Researchers may be able to map brain circuits that underpin behavior and perception by tracing connections between cell populations.
MIT biological engineers have discovered a mechanism to monitor particular populations of neurons and expose how they interact with one another using a unique functional magnetic resonance imaging (fMRI) probe.
Different areas of the brain interact in precise ways to accomplish a range of activities, such as creating behavior or understanding the environment around us, similar to how the gears of a clock interact in unique ways to spin the clock’s hands. Scientists may be able to trace such networks of relationships with the new MRI sensor.
“We can watch the activity of all the gears at the same time with frequent fMRI. However, with our new technique, we can pick up individual gears that are defined by their relationship to other gears, which is critical for constructing a picture of the brain’s mechanism “MIT professor of biological engineering, brain and cognitive sciences, and nuclear science and engineering Alan Jasanoff says.
The researchers were able to identify neuronal populations participating in a circuit that reacts to rewarding stimuli using this approach, which includes genetically directing the MRI probe to particular populations of cells in animal models. According to the researchers, the novel MRI probe might be used to study a variety of different brain circuitry.
Jasanoff is the study’s senior author, and it was published in Nature Neuroscience today. Souparno Ghosh, a recent MIT PhD graduate, and Nan Li, a former MIT research scientist, are the paper’s primary authors.
Connecting the dots
Changes in blood flow in the brain are used as a surrogate for neural activity in traditional fMRI imaging. When neurons receive messages from other neurons, an influx of calcium occurs, causing the production of a diffusible gas called nitric oxide. Nitric oxide works as a vasodilator, allowing more blood to flow into the region.

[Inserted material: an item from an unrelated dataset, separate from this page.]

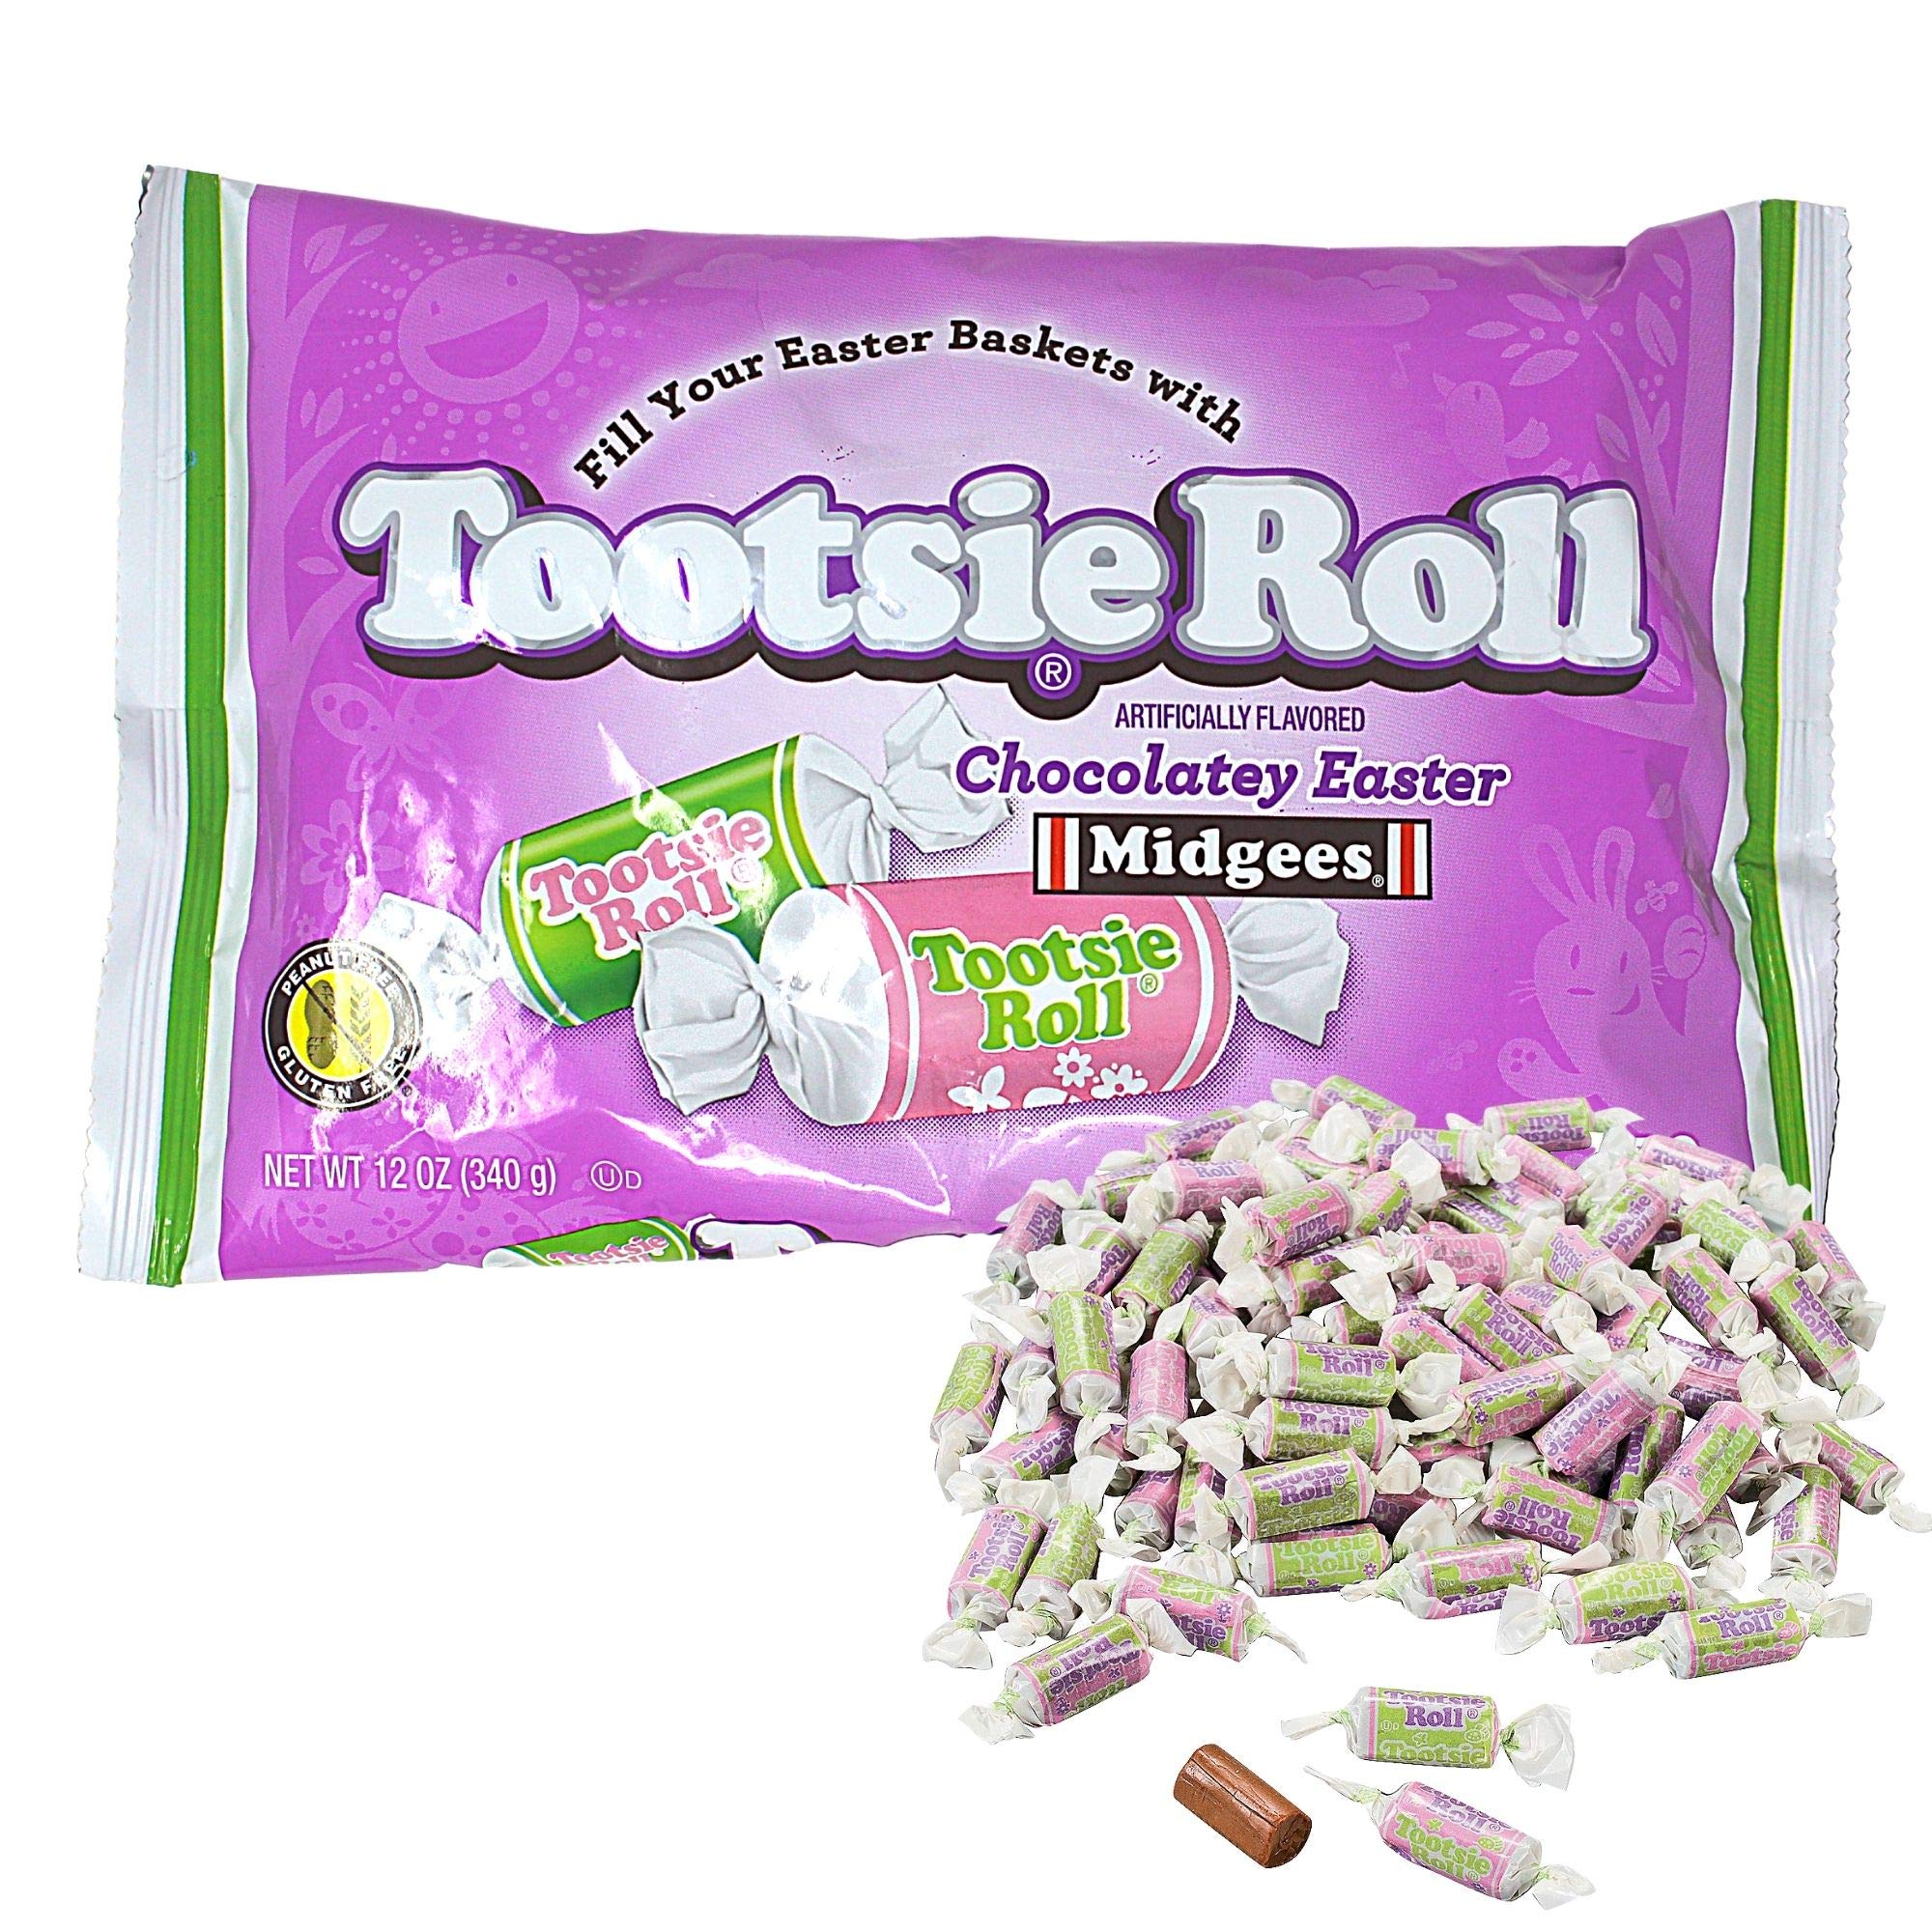 Tootsie Roll Chocolatey Midgees Easter Candy, 50 Count, 12 oz Bag

Calcium imaging may provide a more detailed image of brain activity, but it generally necessitates the use of fluorescent substances and invasive procedures. The MIT researchers hoped to create an approach that could function throughout the brain without being so intrusive.
“We need something that can be detected deep in tissue and ideally throughout the whole brain at once if we want to find out how brain-wide networks of cells and brain-wide processes operate,” Jasanoff adds. “In this work, we choose to do so by effectively hijacking the molecular underpinnings of fMRI itself.”

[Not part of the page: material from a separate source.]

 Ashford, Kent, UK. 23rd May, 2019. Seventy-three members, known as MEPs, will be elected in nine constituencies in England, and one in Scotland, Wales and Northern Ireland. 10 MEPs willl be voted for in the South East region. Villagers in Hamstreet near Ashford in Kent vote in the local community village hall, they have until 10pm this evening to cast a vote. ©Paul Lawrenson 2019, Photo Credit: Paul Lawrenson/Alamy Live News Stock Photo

The researchers developed a virus-based genetic probe that codes for a protein that sends out a signal anytime a neuron is activated. This protein, dubbed NOSTIC (nitric oxide synthase for targeting image contrast) by the researchers, is a modified version of the enzyme nitric oxide synthase. The NOSTIC protein detects increased calcium levels during brain activity and produces nitric oxide, resulting in a fake fMRI signal that only cells that have NOSTIC produce.
The probe is supplied by a virus that is injected into a specific location before traveling down the axons of neurons that connect to that location. The researchers will be able to identify every neuronal population that feeds into a certain area this way.
“When we employ this virus to deliver our probe in this manner, the probe is expressed in the cells that supply input to the region where the virus is placed,” Jasanoff explains. “We may then begin to assess what causes input to that area to occur, or what forms of input arrive at that location, by doing functional imaging of those cells.”
The researchers used their probe to mark groups of neurons that project to the striatum, a brain area involved in movement planning and reward response. They were able to figure out which neuronal populations in rats provide information to the striatum during or soon after a pleasurable stimulus — in this instance, deep brain stimulation of the lateral hypothalamus, a brain area involved in food and motivation, among other things.
One issue that researchers have had regarding lateral hypothalamic deep brain stimulation is how broad the effects are. Following deep brain stimulation, various neuronal populations, including those in the motor cortex and the entorhinal cortex, which is involved in memory, transmit information into the striatum, according to the MIT researchers.
“It’s not only information from the deep brain stimulation location or dopamine-carrying cells. There are additional components that impact the reaction, both distally and locally, and we can pinpoint them thanks to the use of this probe “According to Jasanoff.
Because neurons emit standard fMRI signals during these studies, the researchers repeat each experiment twice: once with the probe on and once after treatment with a medication that suppresses the probe to separate the signals that are coming solely from the genetically changed neurons. They can assess how much activity is present in probe-containing cells precisely by analyzing the difference in fMRI activity between these two circumstances.
The researchers intend to apply this method, which they term hemogenetics, to additional brain networks, starting with a search for some of the areas that get information from the striatum after deep brain stimulation.
“One of the fascinating aspects of the technique we’re proposing is that you can envisage using the same tool at several places in the brain and stitching together a network of interlocking gears made up of these input and output links,” says Jasanoff. “At the level of neuronal populations, this may lead to a wide view on how the brain operates as an integrated whole.”
The National Institutes of Health and the MIT Simons Center for the Social Brain supported the study.